Dolar (USD)
35.06
Euro (EUR)
36.53
Gram Altın
2957.39
BIST 100
9724.5
02:17 İMSAK'A
KALAN SÜRE
24 Ağustos 2022

Köpek ısırığı

Dostoyevski’yi pek çoğunuz bilirsiniz. O da insanlık tarihinin diğer bütün büyük insanları gibi karanlığa ışık yakmış, hayatını çağının karmaşalarını anlamaya, bulanıklıklarını berraklaştırmaya, bilinmezlerini bilinir kılmaya adamıştır. Bütün büyük insanlar gibi hayatın tamamen içinde kalarak tamamen dışarıdan bakmaya gayret etmiştir. Yine onlar gibi insanlığın değişmeyen sorunlarına; iyilik-kötülük, doğruluk-yanlışlık, diriliş-bozulma, güzellik-çirkinlik, kabalık-incelik arasında gidip gelen kaldıracı anlamaya harcamıştır ömrünü. Zor bir hayatı olmuş, sürgün edilmiş, kürek mahkumiyeti almış, hapislere atılmış, ölüm cezalarına çarptırılmış, darağacına gitmenin, ölümün kokusunu teninin altında hissedişin mertebelerini yaşamış ama yine de yılmamış, hayatı bırakmamış, mücadelesini son nefesine kadar devam ettirmiştir. Fransız edebiyatı için Balzac neyse ve neyi yapmışsa Rus edebiyatı için de Dostoyevski odur ve onu yapmıştır. Kendinden başlayarak insanı tanımaya çalışmış, insan bedeni ve ruhunun labirentlerini dolaşmış, her bir geçiş noktasına, her bir dönemece, her bir karanlık noktaya ruhunun derinliklerinden gelen esintiden bir parça bırakarak üflediği her nefhayla katılaşmış olanı eritmeye, sert olanı yumuşatmaya, çirkin olanı güzelleştirmeye çalışmıştır. O dünyayı ve insanı yeniden tanımanın, onun bilinmeyen taraflarını bir daha keşfetmenin yılmaz ve yorulmaz savaşçısıdır.

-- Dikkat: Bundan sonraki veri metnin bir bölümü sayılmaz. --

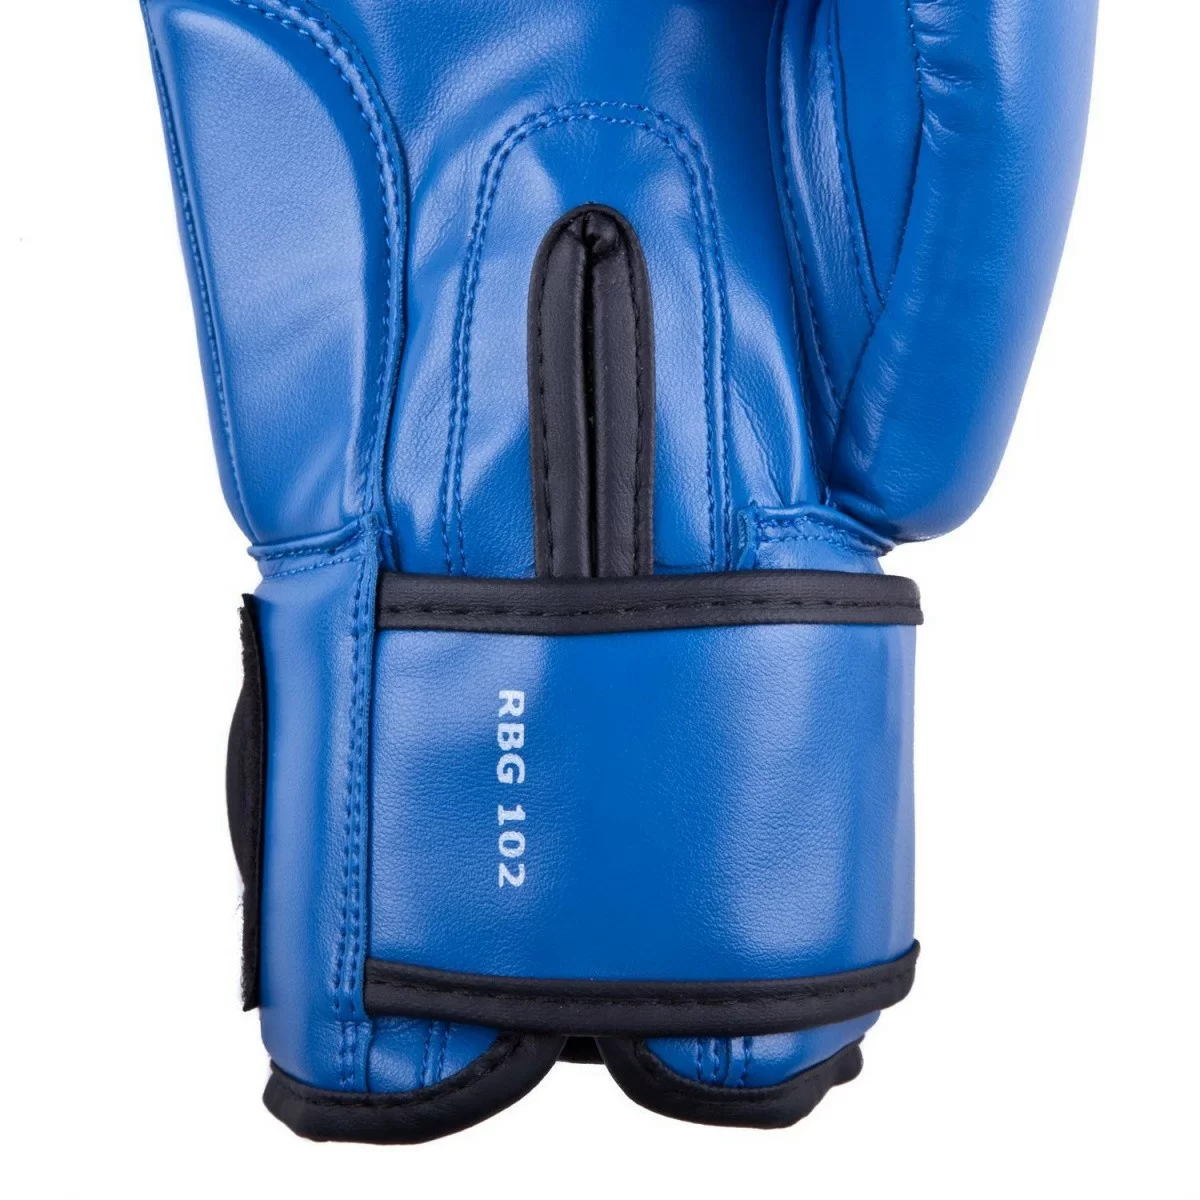 Реальное фото Перчатки боксерские Roomaif RBG-100 Кожа синий от магазина СпортЕВ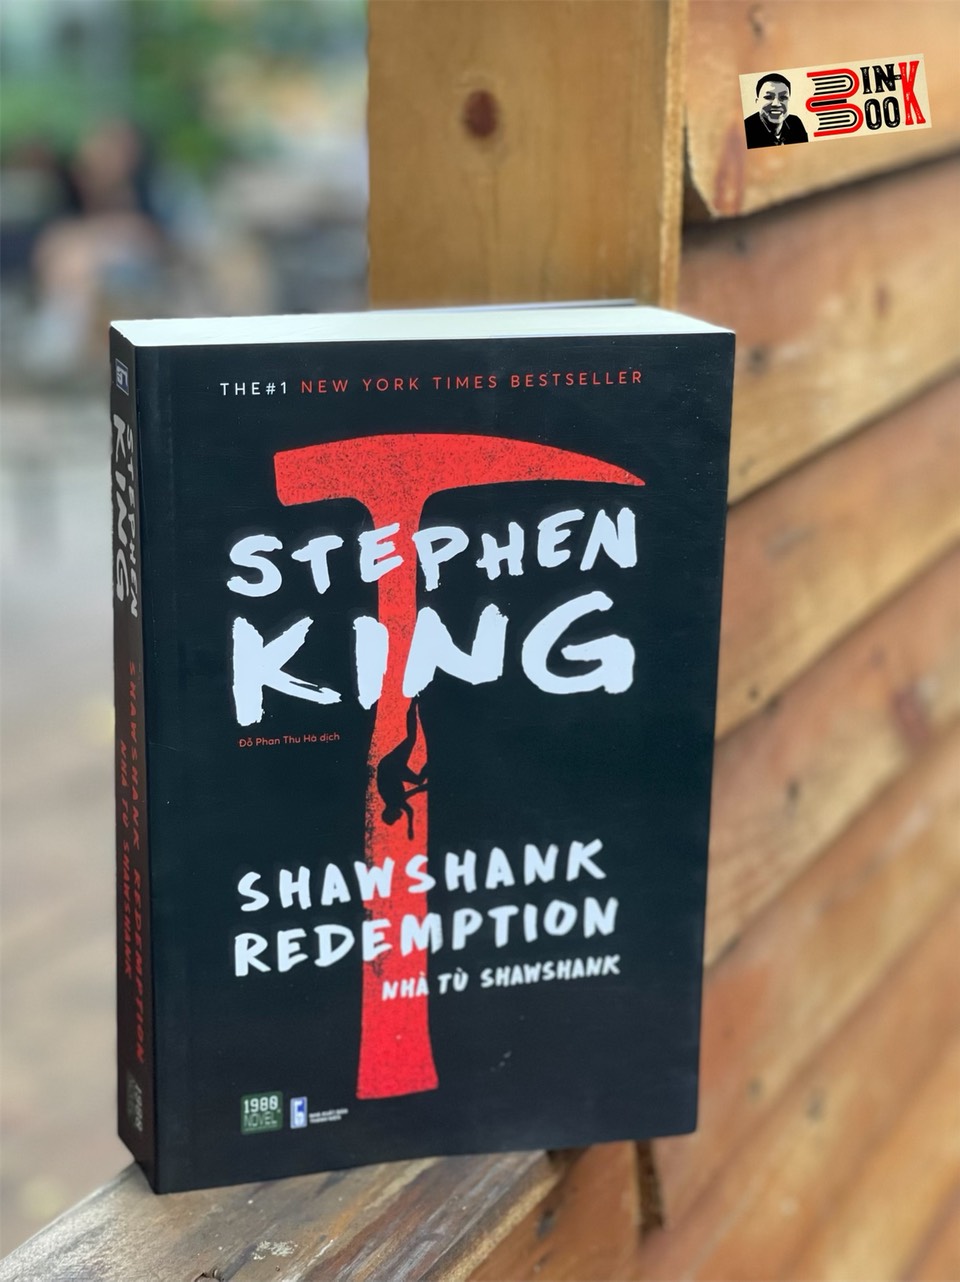 (The 1# New York Times Best Seller) THE SHAWSHANK REDEMPTION -  NHÀ TÙ SHAWSHANK - Stephen King – Đỗ Phan Thu Hà dịch – 1980 Books – NXB Thanh Niên

Bu savaşçılığı onu sadece edebiyat tarihinin değil, teolojiden sosyolojiye, tarihten psikolojiye, estetik biliminden pedagojiye hemen her sosyal bilim alanın onun eserlerine eğilmesine, onda kendinden bir parça bulmasına sebebiyet vermiştir ki psikolojinin duayeni Freud ruh bilim teorilerinin pratiklerini onun eserlerinde aramıştır. Suç ve Ceza, Karamazov Kardeşler, Budala, Ölü Bir Evden Hatıralar, Yer Altından Notlar… Bunlar ve bunların gölgesinde kalan ikinci, üçüncü derecede kıymet ifade eden eserlerinin hepsinde her insanın, her yaşın, her sosyal kategorinin aradığını bulduğu “zaten biliyordum ama berraklaştı”, “bunu hiç bilmiyordum ve artık biliyorum” diyebileceği sayısız gerçeklik huzmesi vardır. O da diğer bütün büyük insanlar gibi hayata gevşek bağlarla değil gerçek bağlarla bağlı olan; “şimdi”sini garanti etmek için yüzünü geçmişe çevirmek yerine geleceğini tahkim etmek için kaosun içine tereddütsüzce atlayan; “mış gibi yapmanın” sefaletinden nefret eden ve kendini yaptığı işe büsbütün vererek inandığı yoldan bir adım geri atmayan, inandıklarını yapma konusunda hücrelerinin son damlasına kadar mücadeleyi bırakmayan, iyisiyle kötüsüyle yaptıklarının faturalarına katlanan hakiki bir deha, olağanüstü bir sanatçı, muhteşem bir gözlemcidir. Ve yine insanlık tarihinin diğer zirveleri gibi her cümlesi, her satırı, her paragrafı “şimdi”yi riyasız kavradığı için bir yönüyle geçmişi, öteki yönüyle geleceği kuşatan alegorik göndermelerle doludur.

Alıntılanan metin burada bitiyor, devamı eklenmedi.